Using the same NRS, typical (PI-typ) and maximum (PI-max) pain intensities of the chief complaint were additionally reported. Pain extension for the body (P-ext-B) was defined as the total number of pain locations across the entire body and pain extension for the head (P-ext-H) was defined as the number of pain locations across the head and neck region (left part of Figure 1). Pain impact at rest and pain impact upon movement were calculated as the sum scores of pain intensities across the head and neck region at rest (∑-PI-rest-H) and upon movement (∑-PI-move-H), respectively. The duration of OFP (P-dur) as a measure of chronicity was grouped by intervals: <3 months, 3–6 months, 6 months−2 years, 2–5 years, >5 years.

Axis II Psychometric Measures

Brief Illness Perception Questionnaire

The Brief Illness Perception Questionnaire (B-IPQ) (1921) assesses cognitive and emotional representations of illness and health threat. Eight questions covering different aspects of illness perception were rated on an NRS ranging from 0 to 10. The maximum score is 80. No cutoff score has been reported for this questionnaire. Test–retest reliability of the single items of the B-IPQ ranged from 0.48 to 0.70; a coefficient alpha value was not reported.

Dysmorphic Concern Questionnaire

The Dysmorphic Concern Questionnaire (DCQ) (22, 23) assesses excessive preoccupation with an imagined or a real minimal defect in appearance that is associated with a significant impact on psychosocial functioning. The questionnaire consists of seven items that cover different aspects of dysmorphic concern. Each item is rated on an ordinal scale ranging from 0 to 3, resulting in a maximum sum score of 21. A cutoff score of nine indicates a possible body dysmorphic disorder. The following coefficient alpha for the DCQ has been reported: 0.85; test–retest reliability was not reported.

Graded Chronic Pain Scale Version 2.0 for the Head or for the Body

The Graded Chronic Pain Scale (GCPS) (24) consists of three pain intensity scales ranging from “no pain” (=0) to “pain as bad as it could be” (=10) assessing current, worst, and average pain intensity for the last 30 days. The disability days report the number of days being kept from daily activities by pain for the last 3 months. The number of days determines a disability score ranging from 0 to 3. Three additional scales measure the interference by pain during (1) daily activities, (2) recreational, social, and family activities, and (3) working ability on a scale from “no interference” (=0) to “unable to carry on any activities” (=10) for the last 30 days. The average value of these three disability scales yields a disability score ranging from 0 to 3. Combining the pain activity interference score with the disability day score results in a disability sum score ranging from 0 to 6. Two separate disability scores due to pain in the head (GCPS-H) or the body (GCPS-B) were calculated.

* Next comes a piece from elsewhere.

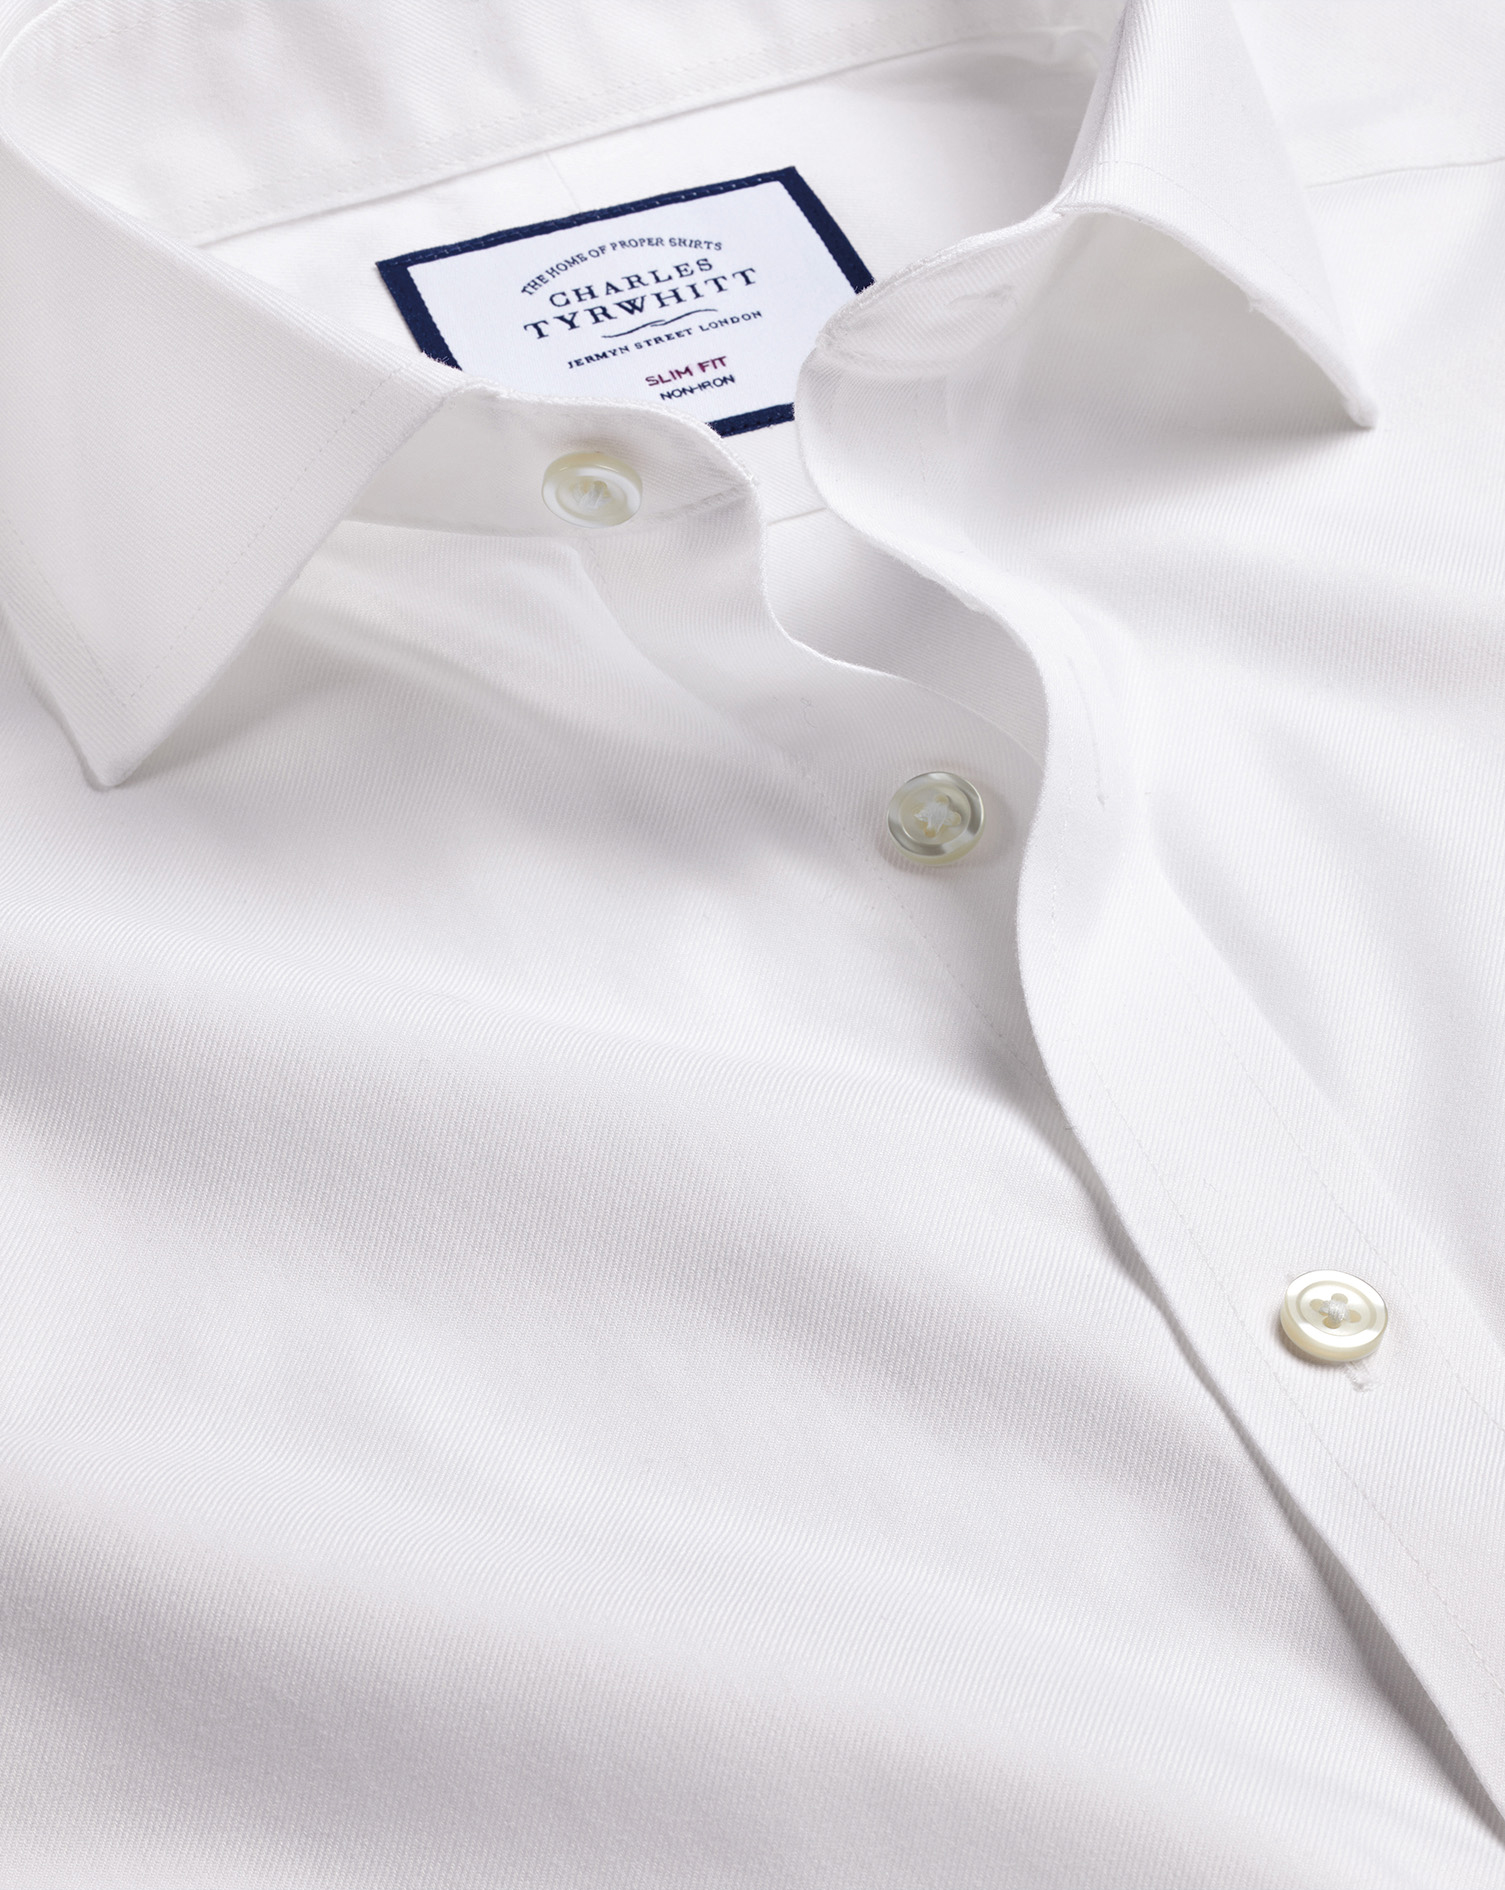 Charles Tyrwhitt Charles Tyrwhitt classic fit shirt 16.5 /35 inch neck with cuffs for cufflinks

Scores ≥3 are considered as high disability and severely limiting. The following coefficient alpha has been reported: 0.71 for TMD pain; test–retest reliability has not been reported.

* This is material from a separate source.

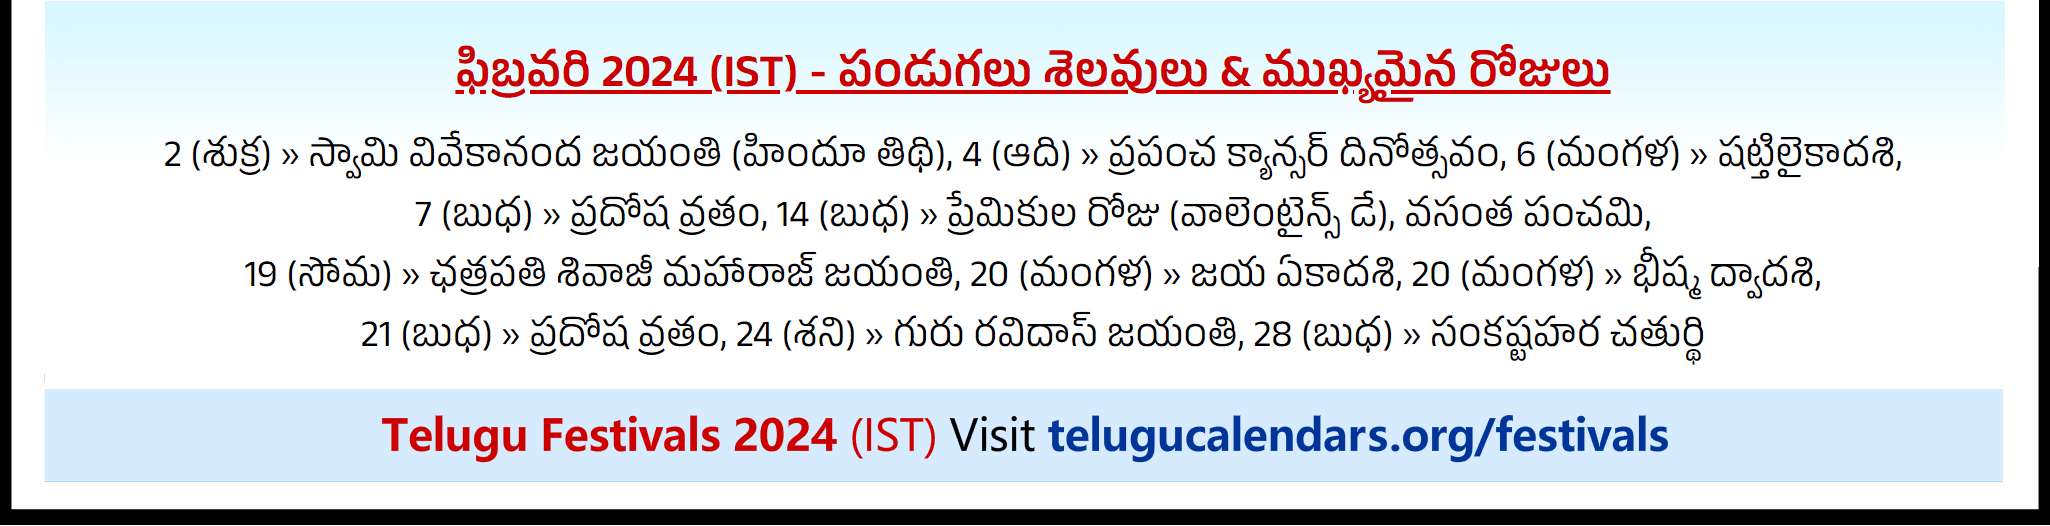 Telugu Festivals 2024 February Chicago

General Anxiety Disorder 7

The General Anxiety Disorder 7 (GAD7) (25) assesses general anxiety in primary care patients. Seven items cover different aspects of general anxiety. For the question “Over the last 2 weeks, how often have you been bothered by the following problems? “items are scored on a four-point scale from not at all” (=0), “several days” (=1), “half of the days” (=2), and “nearly every day” (=3). Summary scores range from 0 to 21 and indicate anxiety levels of “none/minimal” (0–4), “mild” (5–9), “moderate” (10–14), or “severe” (>14). The following coefficient alpha has been reported: 0.92; for test–retest reliability: 0.83.

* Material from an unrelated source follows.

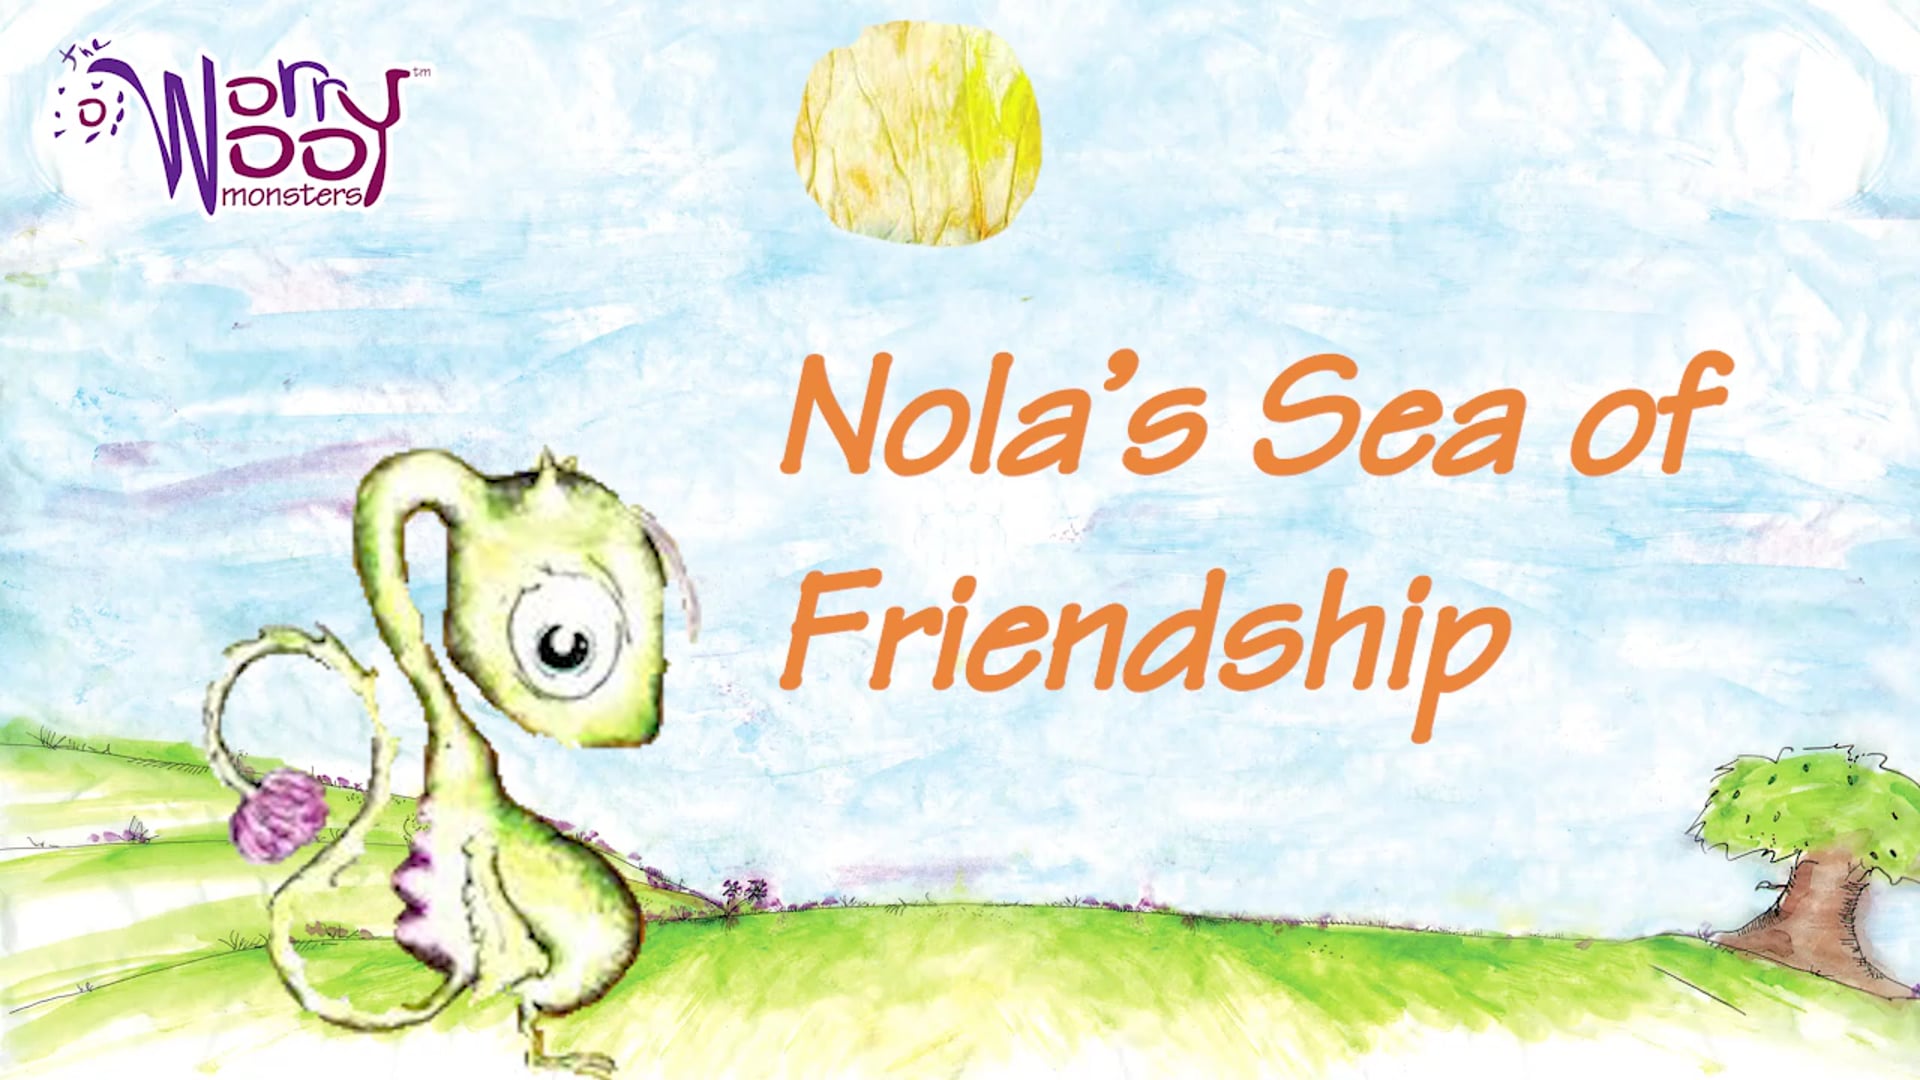 Nola's Sea of FriendShip

Injustice Experience Questionnaire

The Injustice Experience Questionnaire (IEQ) (2628) assesses injustice experienced due to accidents, injuries, or maltreatment. Twelve items reflect the frequency of thoughts, beliefs, and emotions associated with injury. They are rated on a scale with the following response options: “never” (=0), “rarely” (=1), “sometimes” (=2), “often” (=3), to “all the time” (=4). The maximum score is 48. Scores ≥18 indicate the need for professional evaluation. The following coefficient alpha has been reported: 0.92; for test–retest reliability: 0.90.

Insomnia Severity Index

The Insomnia Severity Index (ISI) (29, 30) screens for sleep disorders by measuring the severity of insomnia problems, sleep-related satisfaction, and interference on a scale of “none” (=0), “mild” (=1), “moderate” (=2), “severe” (=3), and “very severe” (=4) for the items falling asleep, staying asleep, and waking up too early over the past 2 weeks. On a scale from “very satisfied” (=0), “satisfied” (=1), “moderately satisfied” (=2), “dissatisfied” (=3), to “very dissatisfied” (=4), the patient indicates how satisfied/dissatisfied he/she perceives his/her current sleep pattern. On three additional scales from “not at all” (=0), “a little” (=1), “somewhat” (=2), “much” (=3), to “very much” (=4), the patient is asked how much he/she considers his/her sleep problem to interfere with daily activities, how noticeable the interference by his/her sleep problem is to others, and how worried/distressed the patient is because of his/her sleep problem. The maximum score is 28, with scales of “none” (0–7), “subthreshold” (8–14), “moderate” (15–21), or “severe” (>21). The following coefficient alpha has been reported: 0.74; test–retest reliability was not reported.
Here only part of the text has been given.